◆ **Work task**
Take the records below and set down exactly the lines from the one with "В США назвали" to the one with "Document de brevet", ends included; do not copy the pictures.

◆ **Supplied material**

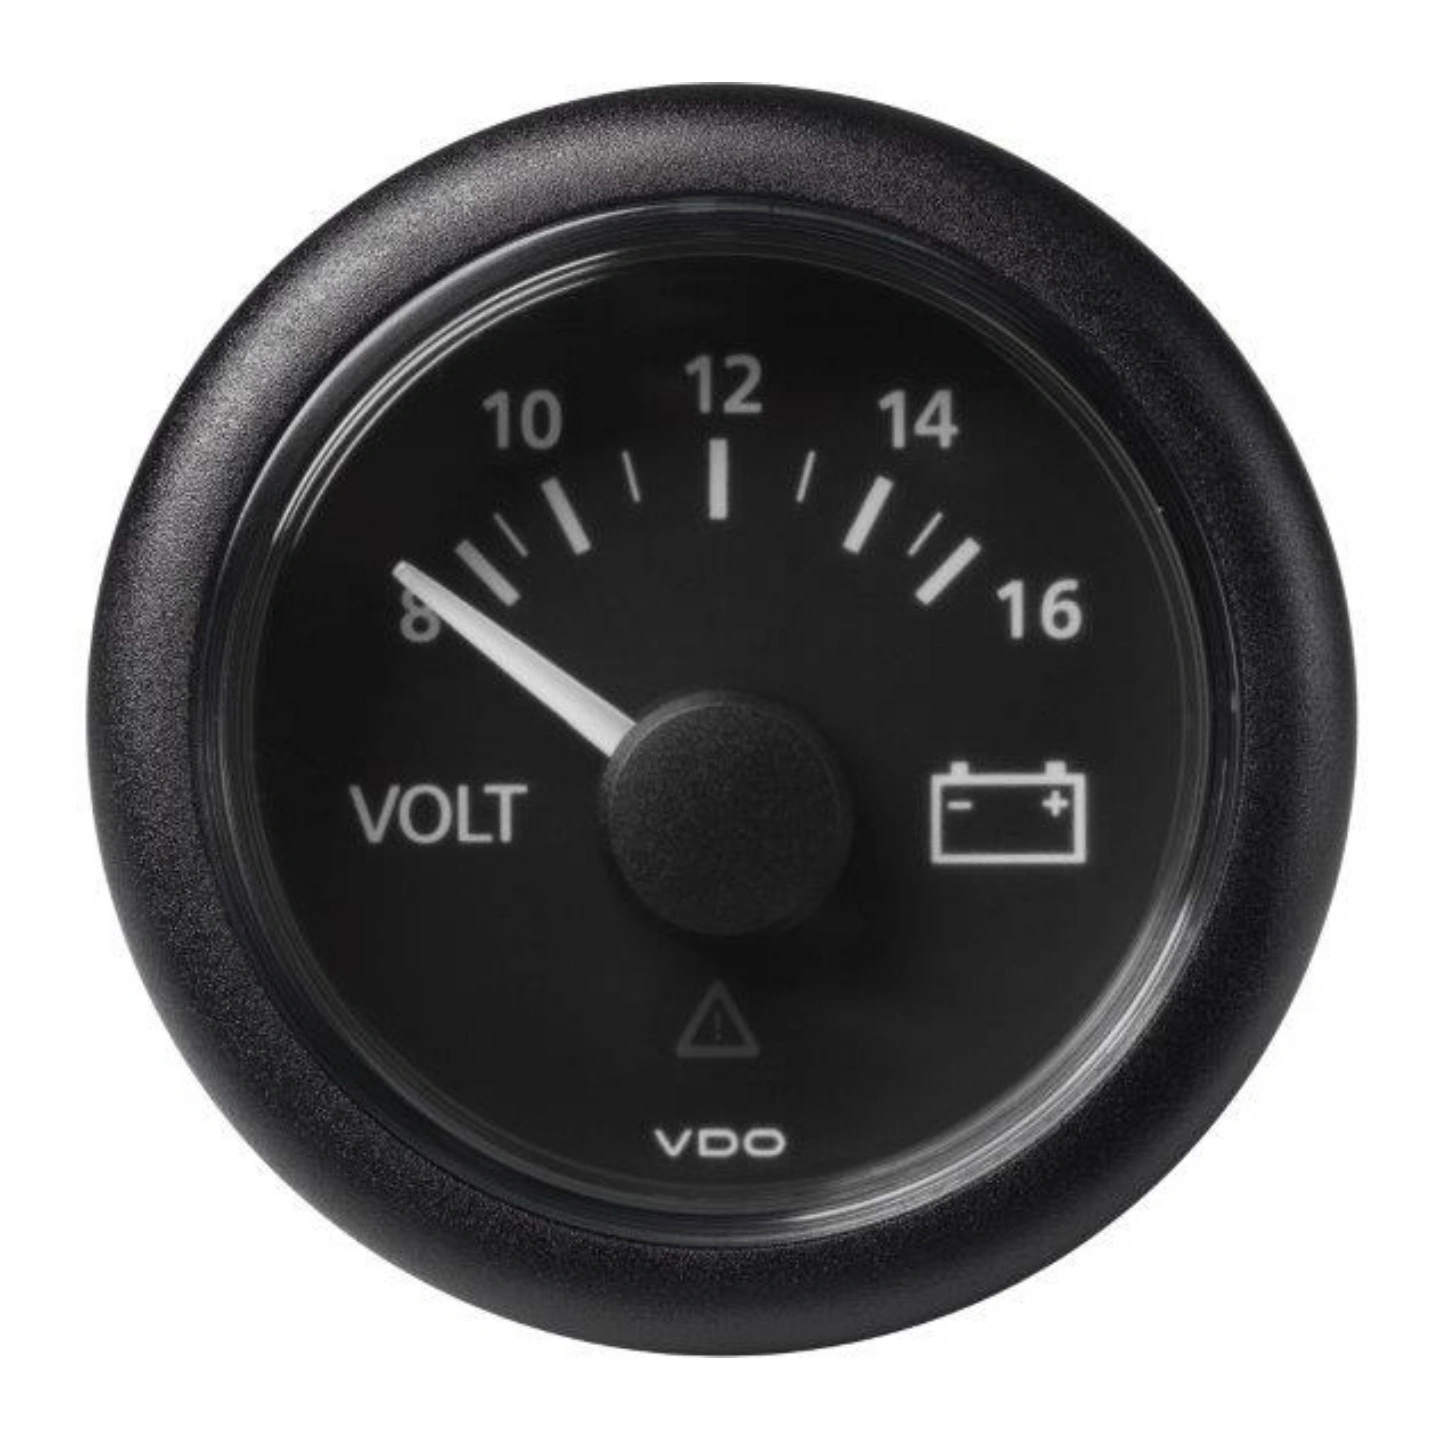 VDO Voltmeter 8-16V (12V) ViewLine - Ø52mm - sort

---

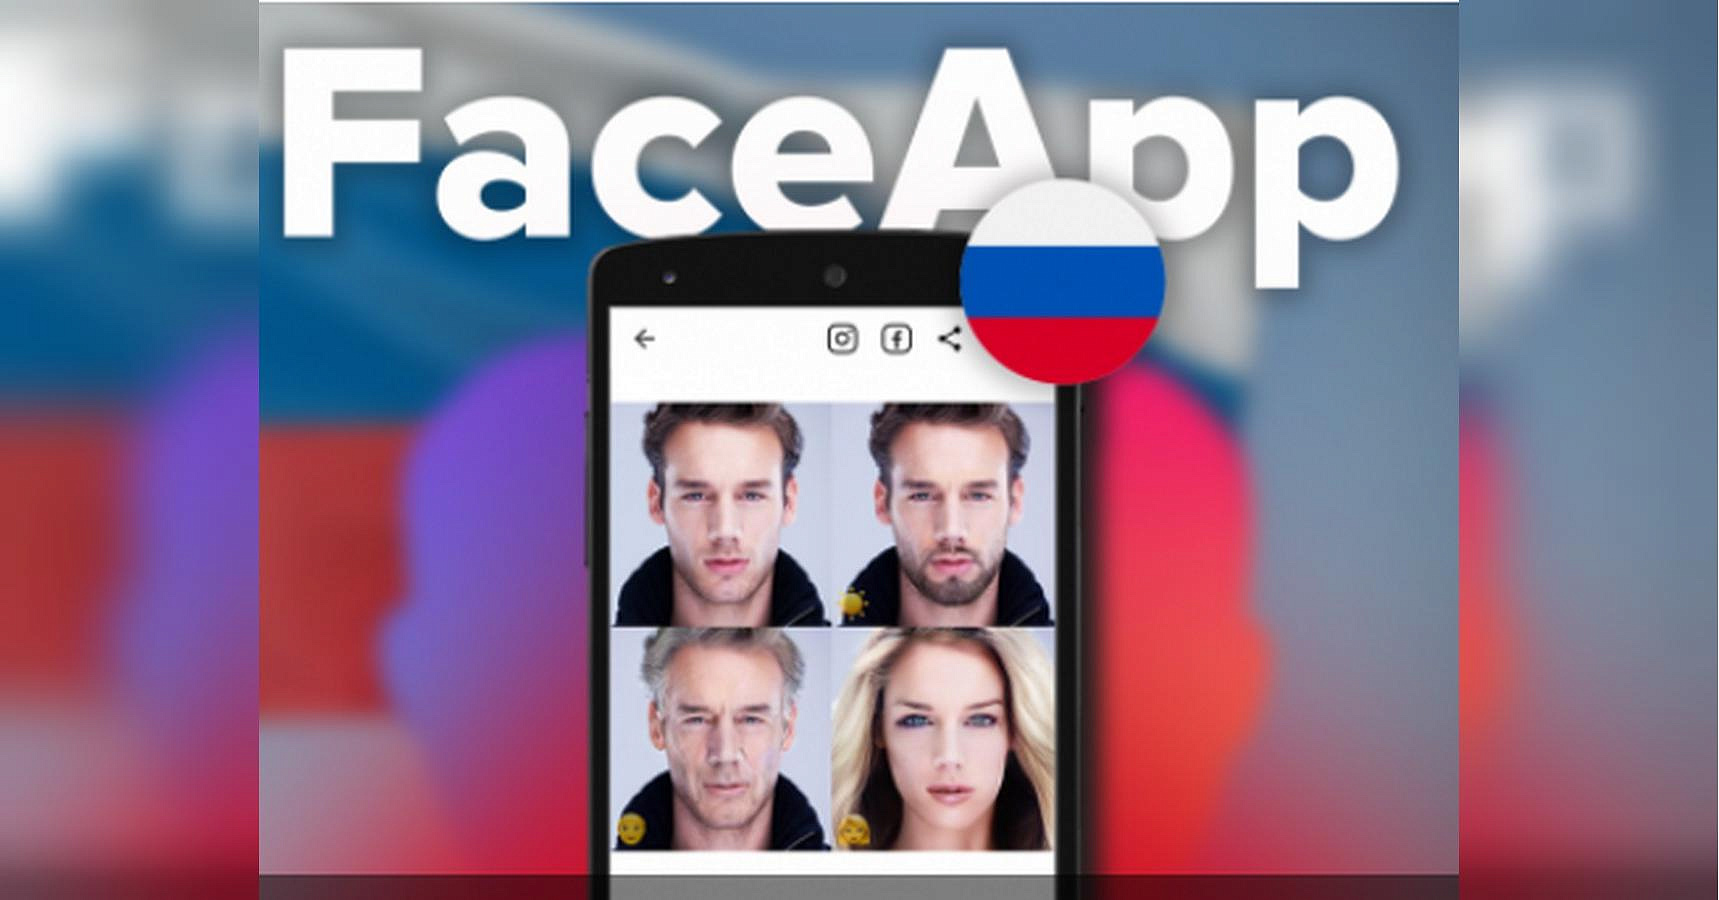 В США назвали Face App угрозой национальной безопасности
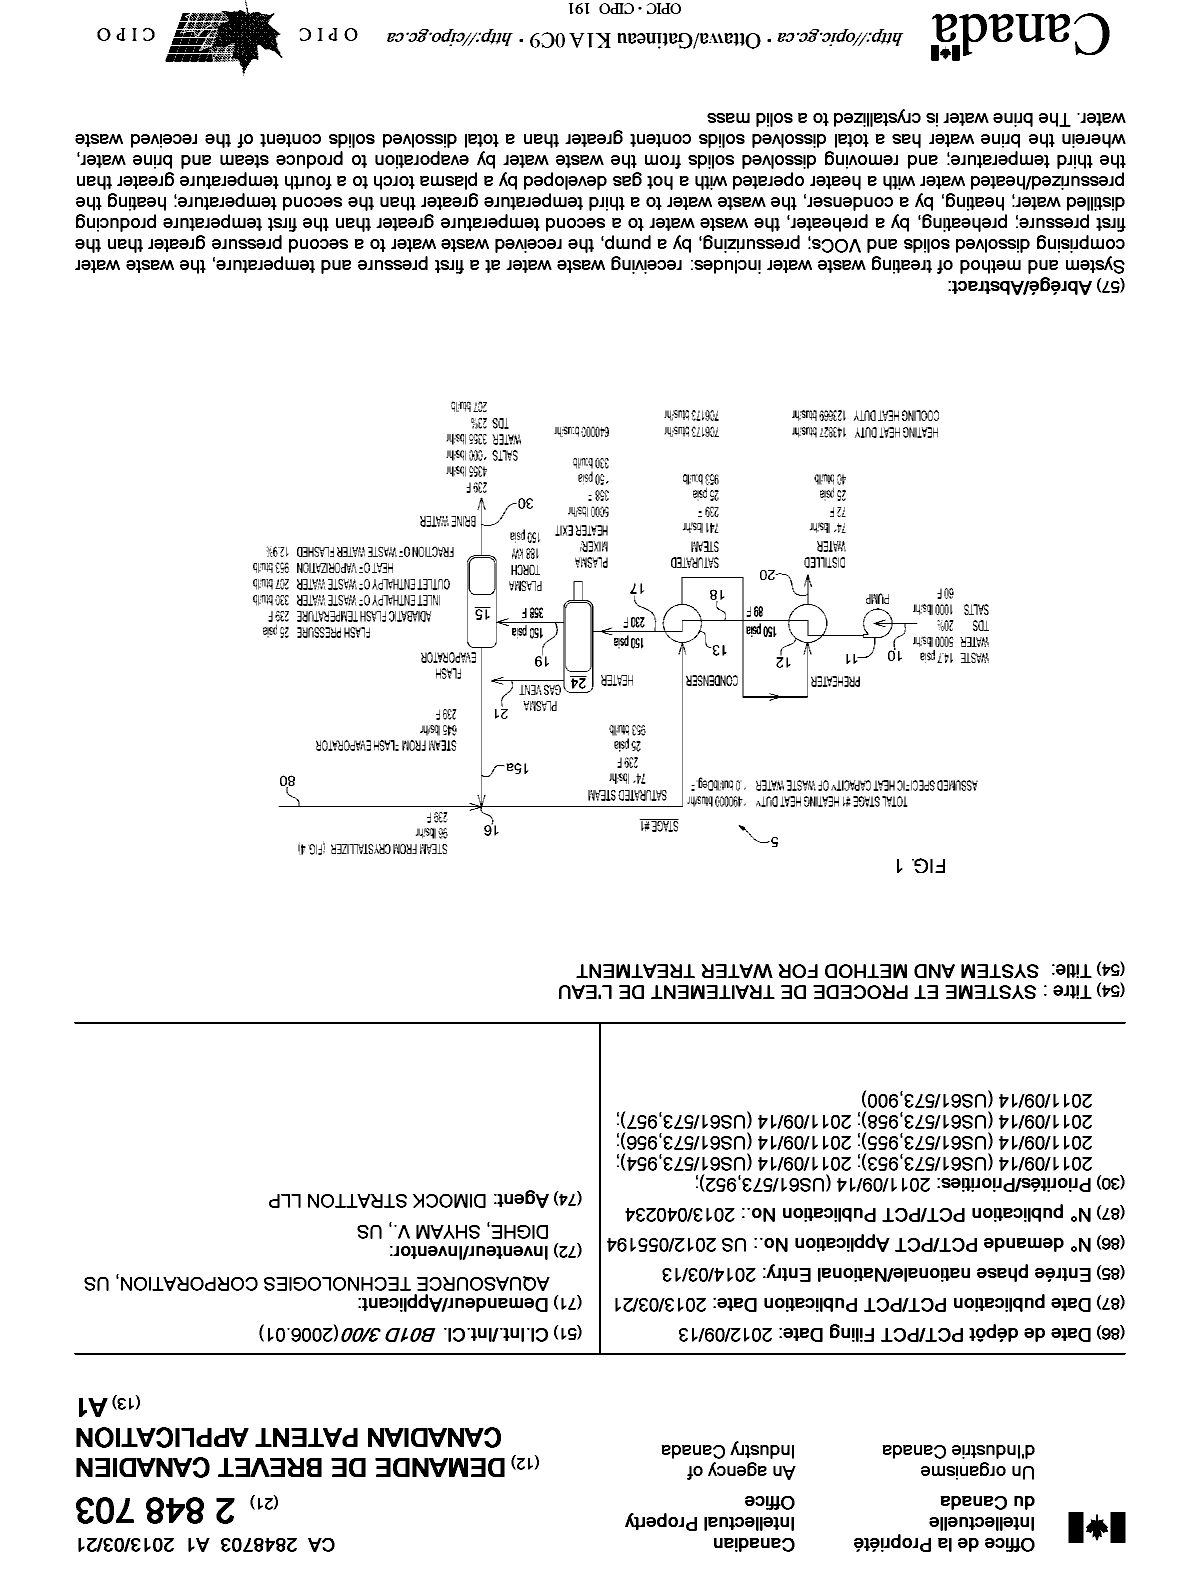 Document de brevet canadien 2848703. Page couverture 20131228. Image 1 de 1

---

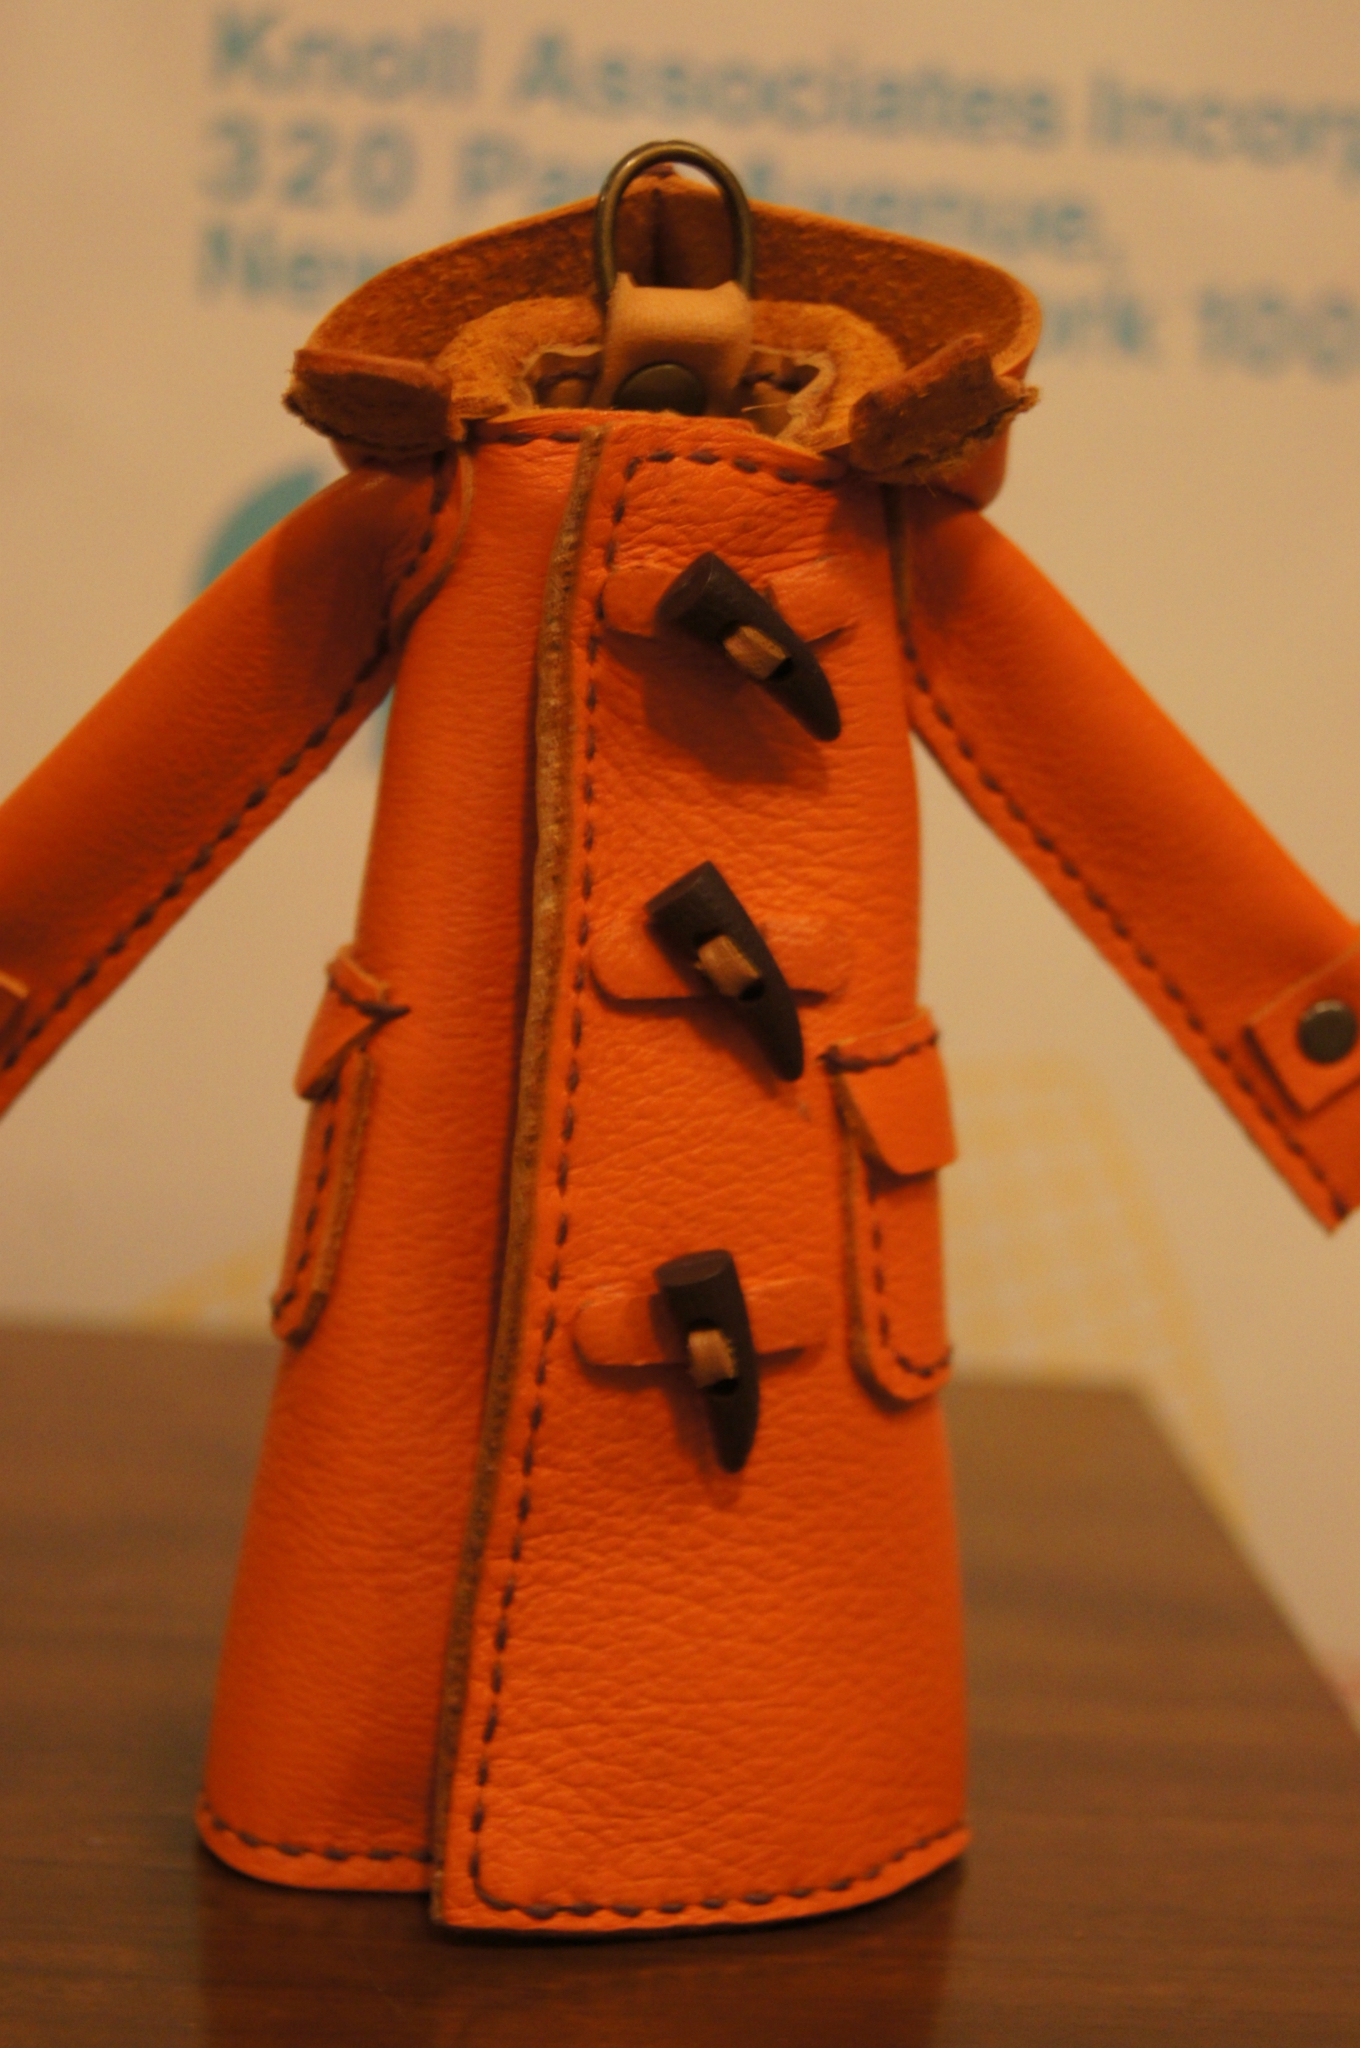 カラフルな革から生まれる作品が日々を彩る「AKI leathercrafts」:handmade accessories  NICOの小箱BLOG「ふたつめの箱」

◆ **Task answer**
 В США назвали Face App угрозой национальной безопасности
 Document de brevet canadien 2848703. Page couverture 20131228. Image 1 de 1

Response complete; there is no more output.